La Maréchale survint. Elle le prit, ouvrit la serre, l’y jeta, referma la porte (d’autres portes, en même temps, s’ouvraient et se refermaient), et, ayant fait passer Frédéric par la cuisine, elle l’introduisit dans son cabinet de toilette.

On voyait, tout de suite, que c’était l’endroit de la maison le plus hanté, et comme son vrai centre moral.

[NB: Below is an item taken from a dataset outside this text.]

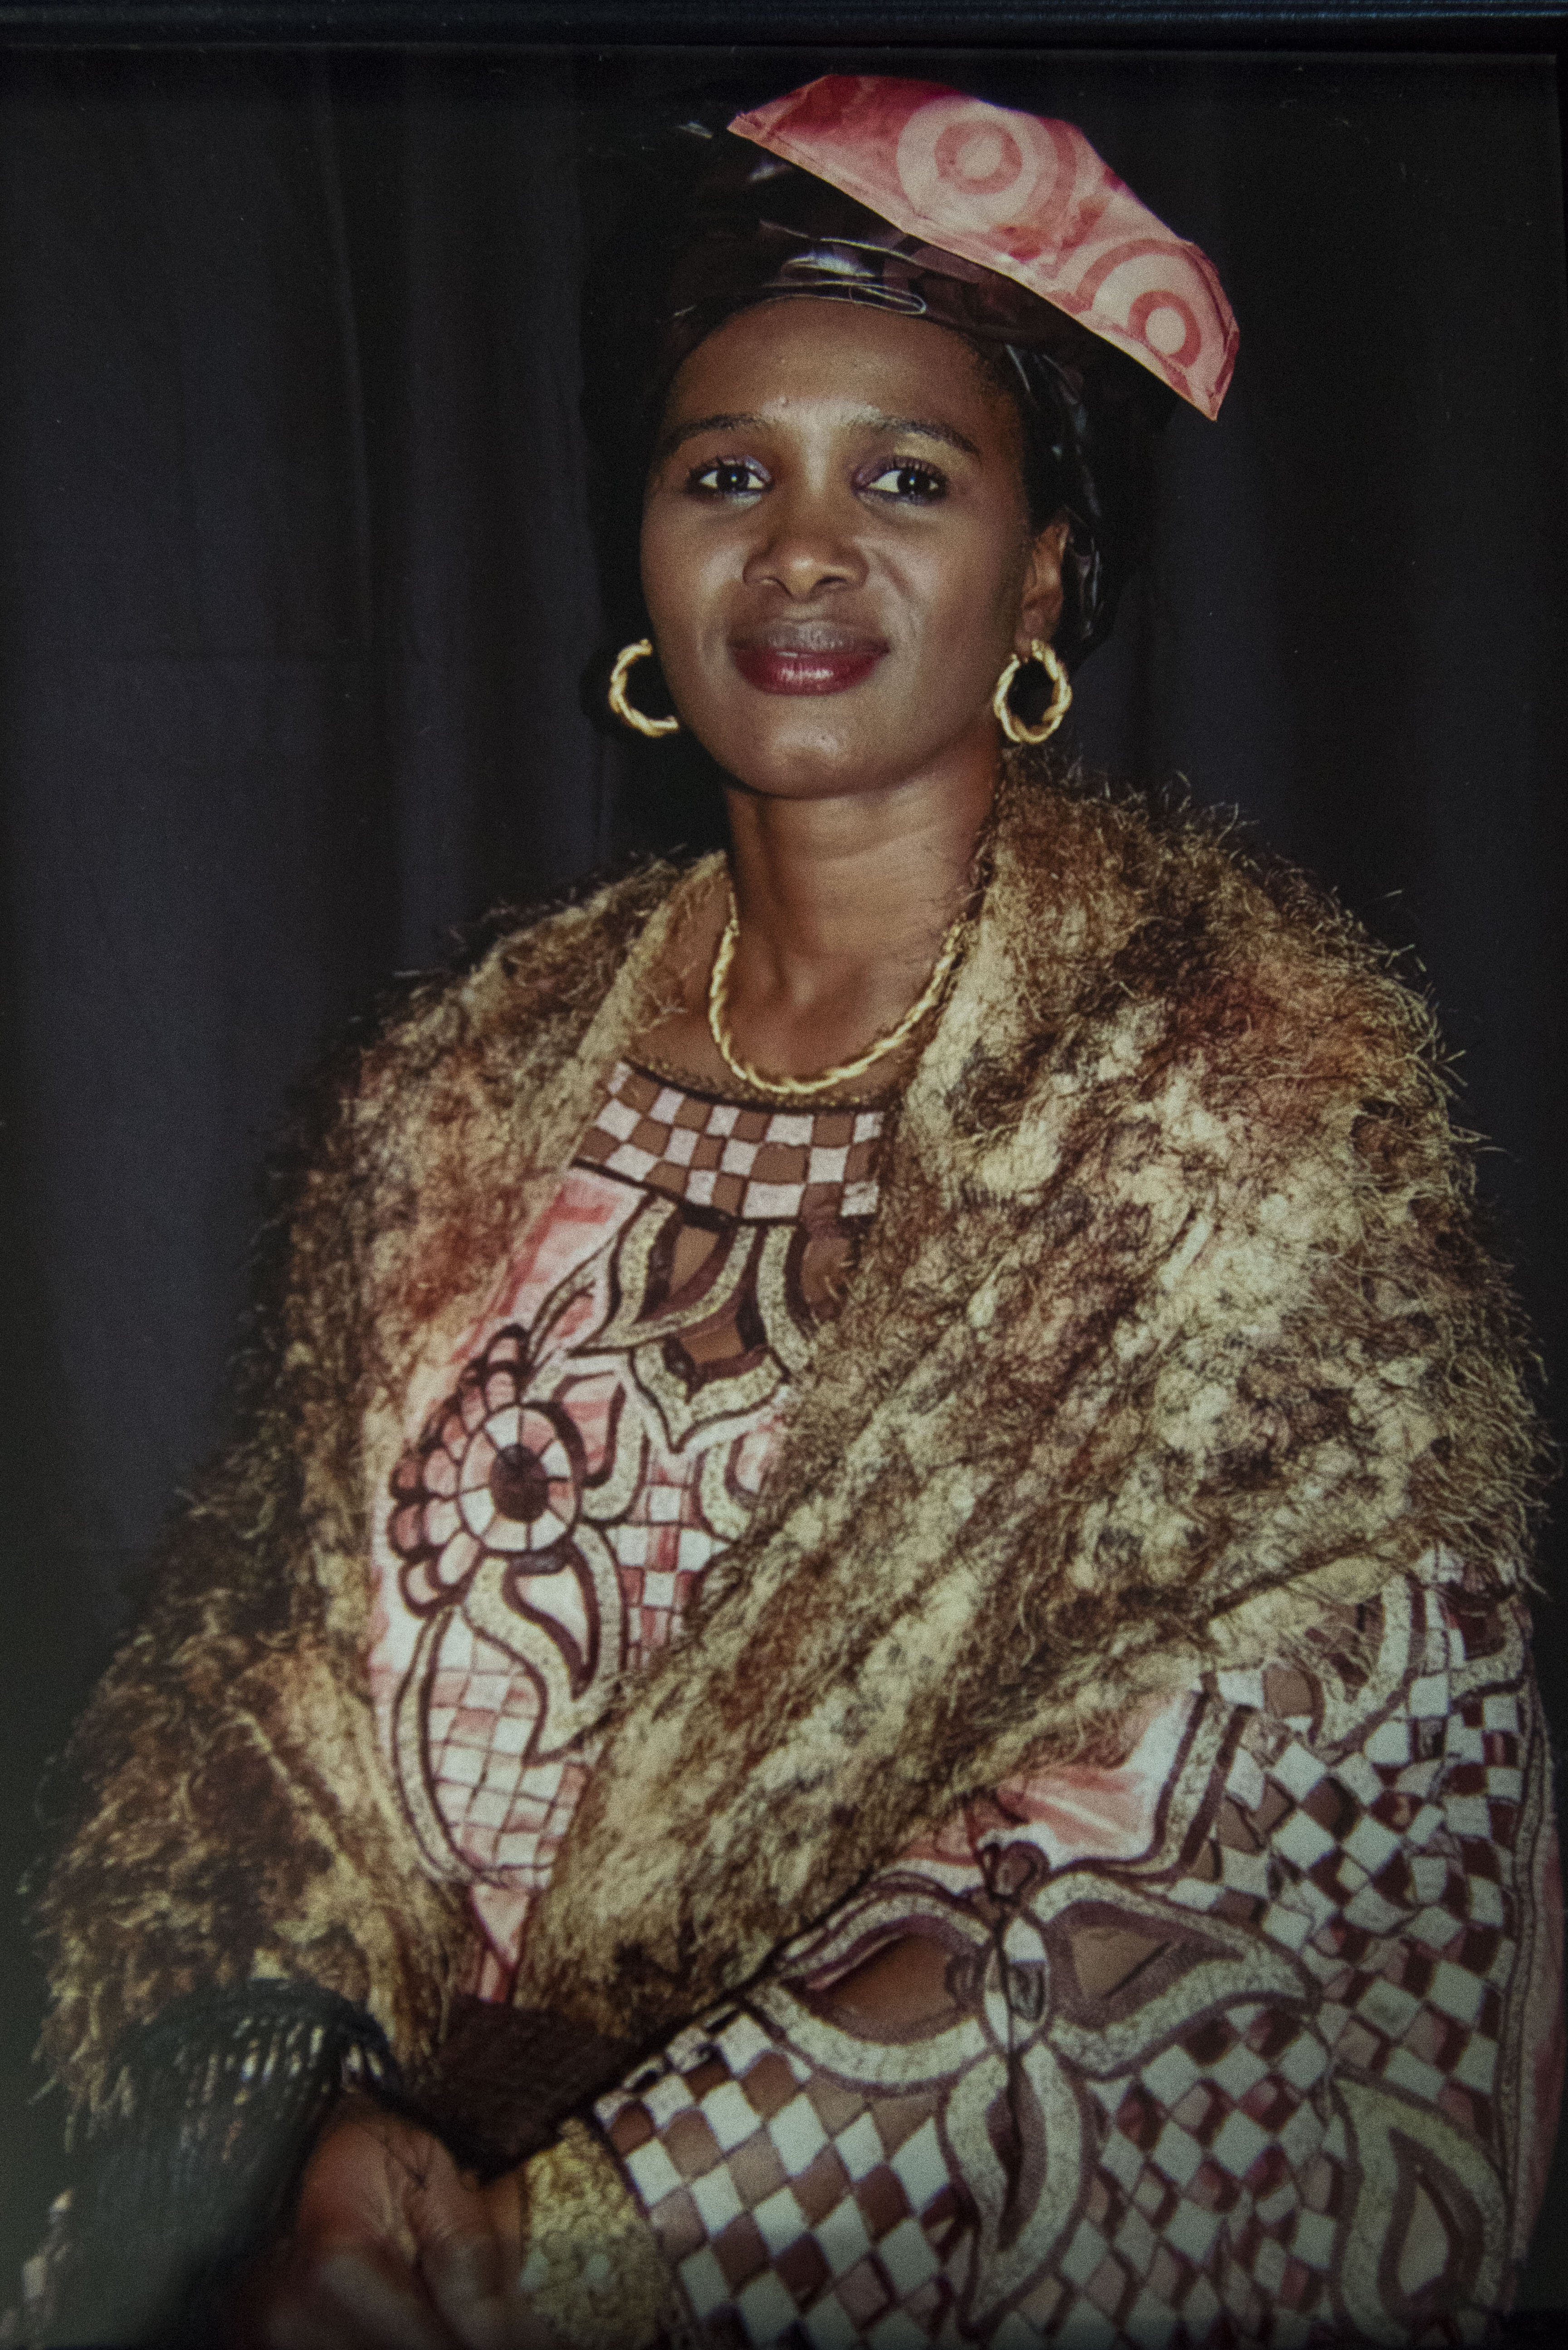 Malik’s mother, Hadja Tounkara, who was visiting her family in Guinea at the time this project was conducted.

Une perse à grands feuillages tapissait les murs, les fauteuils et un vaste divan élastique ; sur une table de marbre blanc s’espaçaient deux larges cuvettes en faïence bleue ; des planches de cristal formant étagère au-dessus étaient encombrées par des fioles, des brosses, des peignes, des bâtons de cosmétique, des boîtes à poudre ; le feu se mirait dans une haute psyché ; un drap pendait en dehors d’une baignoire, et des senteurs de pâte d’amandes et de benjoin s’exhalaient.

— Vous excuserez le désordre ! Ce soir, je dîne en ville.

Et, comme elle tournait sur ses talons, elle faillit écraser un des petits chiens. Frédéric les déclara charmants. Elle les souleva tous les deux, et haussant jusqu’à lui leur museau noir :

— Voyons, faites une risette, baisez le monsieur.

Un homme, habillé d’une sale redingote à collet de fourrure, entra brusquement.